Secrets of a Brighter Workplace


Tips on how to understand, recruit and keep the best people for your business


Staying sane in the crazy world of recruitment

'Are you mad?'

crazy world of recruitment

Sometimes, in recruitment, it can feel like you’re the only sane person in a world gone mad.

Why, you wonder, would someone who sent a really strong, well-put together application then not show up for their interview? Why would someone with no work experience apply for a technical manager role? Why do you get calls from people asking when the application deadline is when it’s spelt out clearly in the advert?

You’re not alone.

The thing is, recruitment is all about dealing with human beings. And sometimes human beings behave in weird, perplexing and even self-sabotaging ways.

Here are 8 examples of what might seem like crazy behaviour but which are, in my experience, quite normal for recruiters to encounter.

When it comes to recruitment, it’s perfectly normal …

1. to get a lot of (stupid) questions from potential applicants

Even if the information you’ve provided – to your agency, on your website, in the job description – couldn’t be clearer, you’ll still have people with questions.

A client of mine had someone ask them what their address was – despite it being clearly shown on their website. Possibly around a third of candidates do little or no research when applying.

My advice: be prepared. Do you need to identify a member of the team who can field these enquiries?

2. for applicants to simply disappear from the process

We’ve all been there. You receive a good quality application and are keen to interview the applicant. But however hard you try and contact them they can’t be reached.

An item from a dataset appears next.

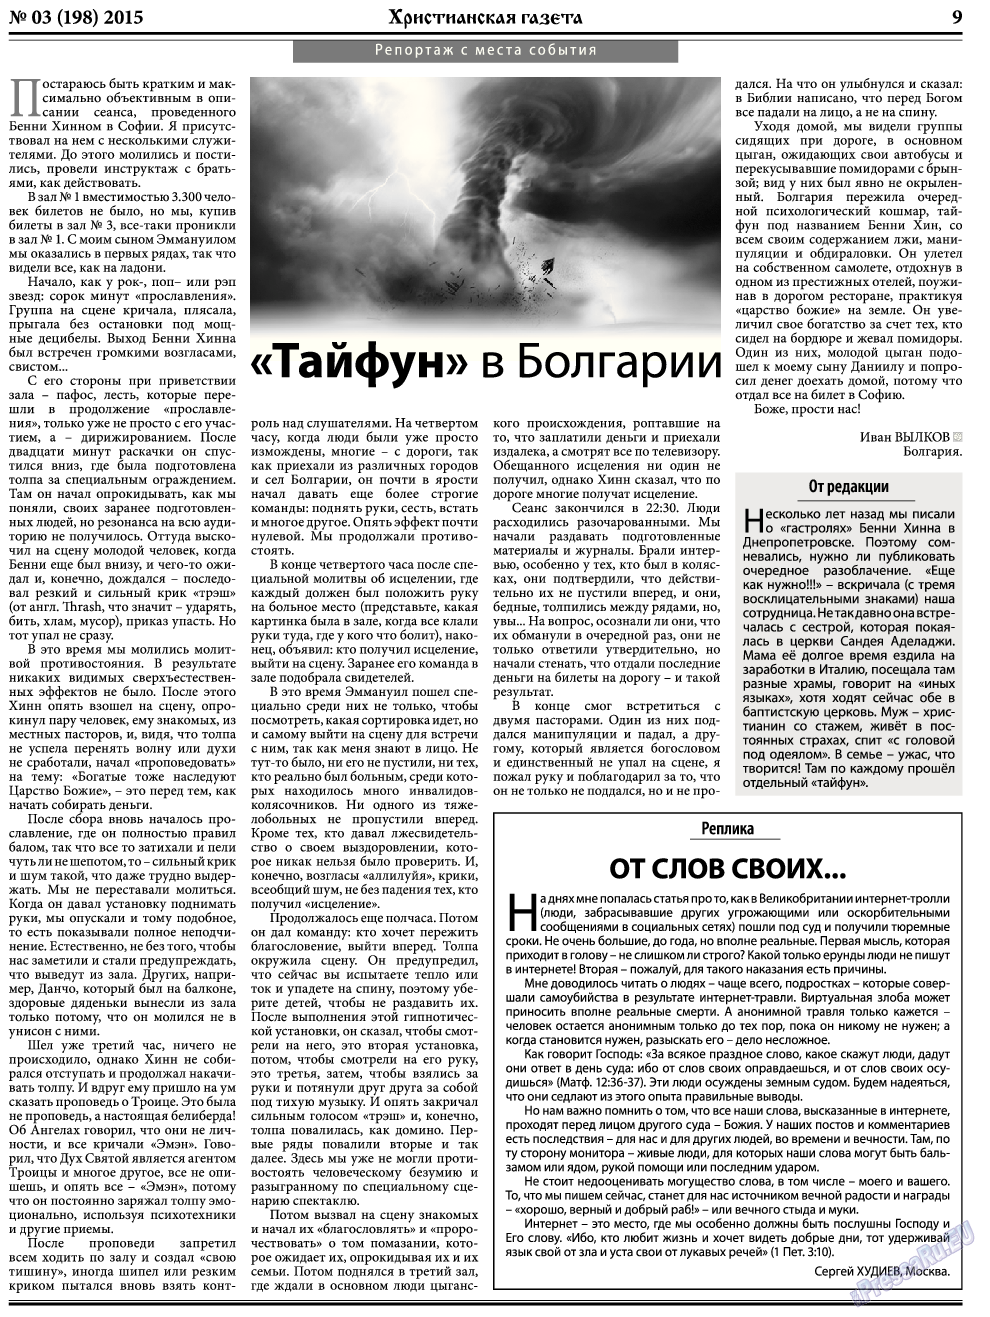 Христианская газета, газета. 2015 №3 стр.9

My advice: don’t take it personally. Sometimes people just sift themselves out of the process before you get the chance to talk to them. Try three times by email and phone, and if you still haven’t got through, give them up for lost.

3. to receive applications from people who are completely unsuitable

Excited by the volume of applications you’ve received? Then disappointed when you realise how poor the quality is? It is, I’m afraid, the way things are these days. People have to apply for jobs in order to receive jobseekers allowance and that might mean applying for jobs they haven’t got a hope of getting.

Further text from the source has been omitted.